I am relatively new to XPath and XQuery. I am working with XML stored in a table called tblXML.
XML is stored in this table by caseID. For this example, this value is unique.
The XML itself is stored in a column labeled Data.
If you were to select * from tblXML where caseID = '12345' you would see this:
caseID data
------ ------
12345 <root><patient><diagnosis preferred_name="diagnosis" tier="1">Melanoma</diagnosis> (XML file stored as blob in database)
If you were to dive into the XML, it would look something like this. For example, this is the XML in the data column for caseID '12345':
<root>
<patient>
<diagnosis preferred_name="diagnosis" tier="1">Melanoma</diagnosis>
<month_of_birth preferred_name="month_of_birth" tier="1">02</month_of_birth>
<day_of_birth preferred_name="day_of_birth" tier="2">01</day_of_birth>
<year_of_birth preferred_name="year_of_birth" tier="1">1960</year_of_birth>
<new_tumor_events>
<month_of_nte preferred_name="month_of_nte" tier="1">12</month_of_nte>
<day_of_nte preferred_name="day_of_nte" tier="2">30</day_of_nte>
<year_of_nte preferred_name="year_of_nte" tier="1">1994</year_of_nte>
</new_tumor_events>
<follow_ups>
<follow_up>
<month_of_fu preferred_name="month_of_fu" tier="1">12</month_of_fu>
<day_of_fu preferred_name="day_of_fu" tier="2">31</day_of_fu>
<year_of_fu preferred_name="year_of_fu" tier="1">1995</year_of_fu>
</follow_up>
<follow_up>
<month_of_fu preferred_name="month_of_fu" tier="1">12</month_of_fu>
<day_of_fu preferred_name="day_of_fu" tier="2">31</day_of_fu>
<year_of_fu preferred_name="year_of_fu" tier="1">1996</year_of_fu>
</follow_up>
</follow_ups>
</patient>
</root>
Goals:
I am trying to select all values for all elements at all levels/nodes of the XML document that have a @Tier attribute of "1". I would like to see each value be output in it's own row in a column called 'Value' like this:
caseID Value
------ ------
12345 Melanoma
12345 02
12345 1960
12345 12
12345 1994
12345 12
12345 1995
12345 12
12345 1996
Here's SQL that's analogous to what I'm trying to write:
DECLARE @tier int
SET @tier = '1' --To search by tier explicitly via variable
select
x.caseID,
bar.value('(//*[@tier = sql:variable("@tier")])[1]','varchar(max)') as value
from tblXML as x
CROSS APPLY data.nodes('//*:patient') AS foo(bar)
where
x.caseID = '12345'
and x.data.value('(//@tier)[1]', 'varchar(3)') = '1'
This gives me...
case ID value
------ ------
12345 Melanoma
...but not the additional rows I'm looking for.

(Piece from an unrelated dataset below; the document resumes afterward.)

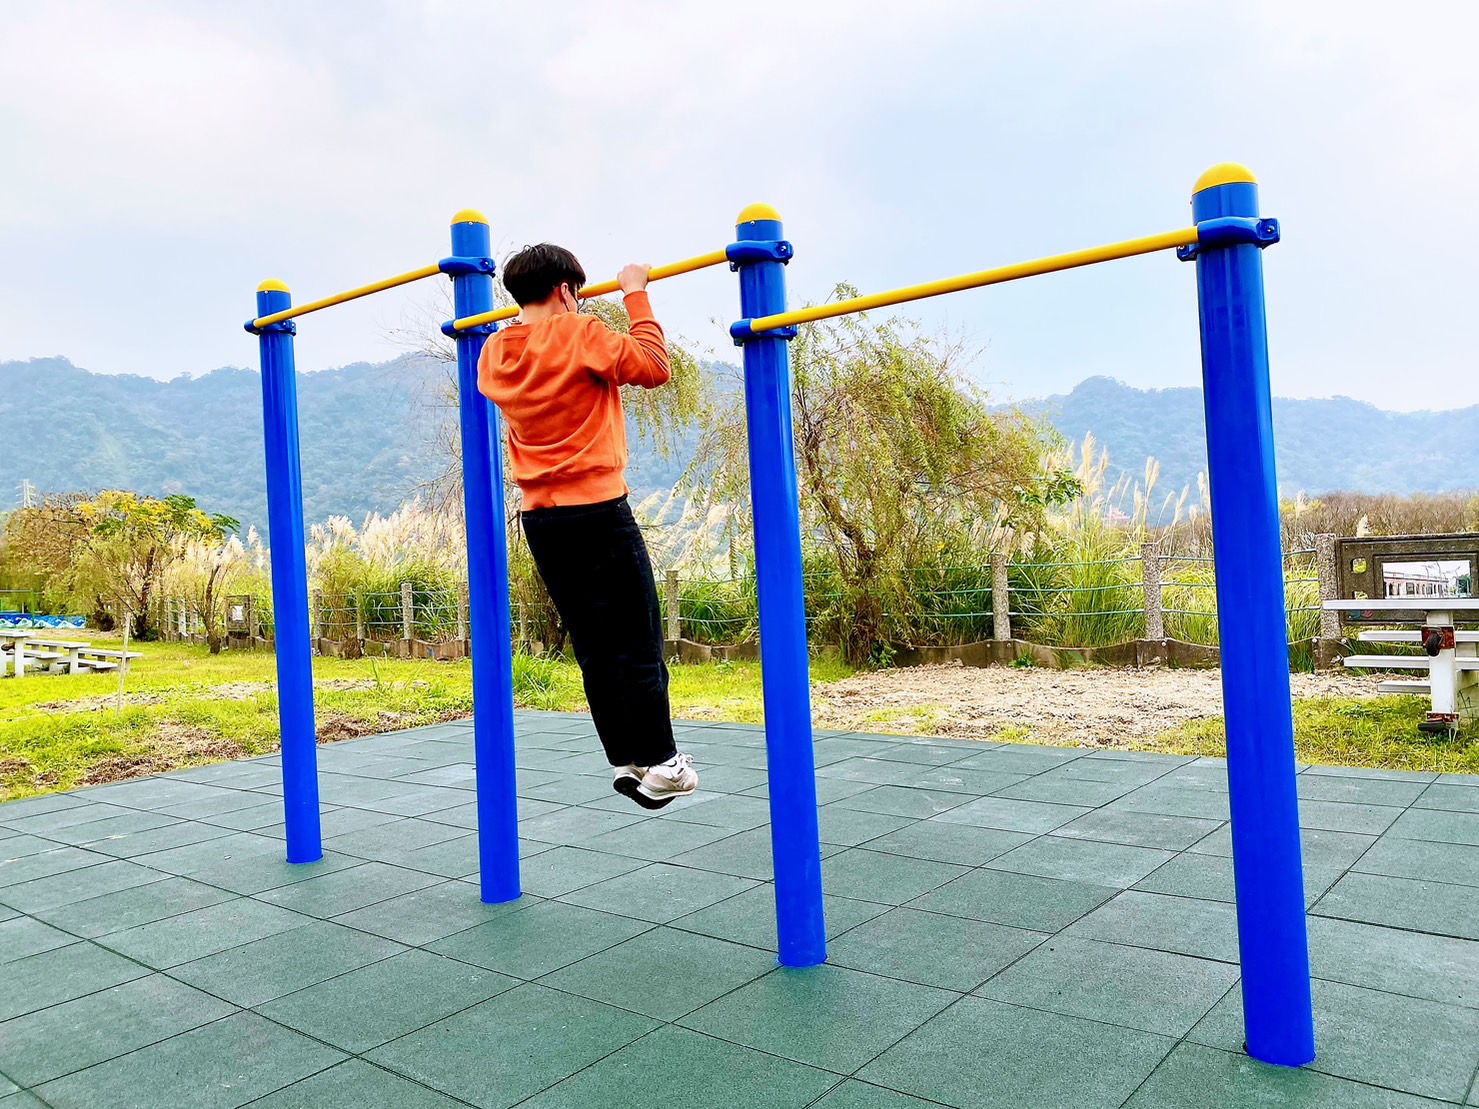 鶯歌山水步道體健及遊具設施-鍛鍊上肢的單槓運動.jpg

I think the my confusion centers around both the constraint imposed by the singleton [1] and the context node in my CROSS APPLY statement. I'm not sure how to get everything in the document that's Tier 1, not just the first instance of Tier 1 that the query finds.
For this example I know my context node in my CROSS APPLY statement is focused on the patient section of the XML, but I would like to be able to search at all levels of the XML tree both up and down. I know the // for @Tier lets me search at all levels of the document, but my context node seems to drive/constrain me to some degree on how deep into the document I can search.
It's my understanding that I can drill deep into the XML (follow_up perhaps?), then search from the top down. However, the deepest node will change from caseID to caseID and XML document to XML document. Is there a way to wildcard my CROSS APPLY statement into the deepest node in a given XML document and then look for any occurrence of @Tier within that document, then retrieve its corresponding value?
I realize that method lacks elegance and is not performant. I have not been able to find clear documentation thus far to give me the results I'm looking for.
Thanks in advance for your help.
EDIT: I should specify that this SQL will be the core of a table-valued function in SQL Server.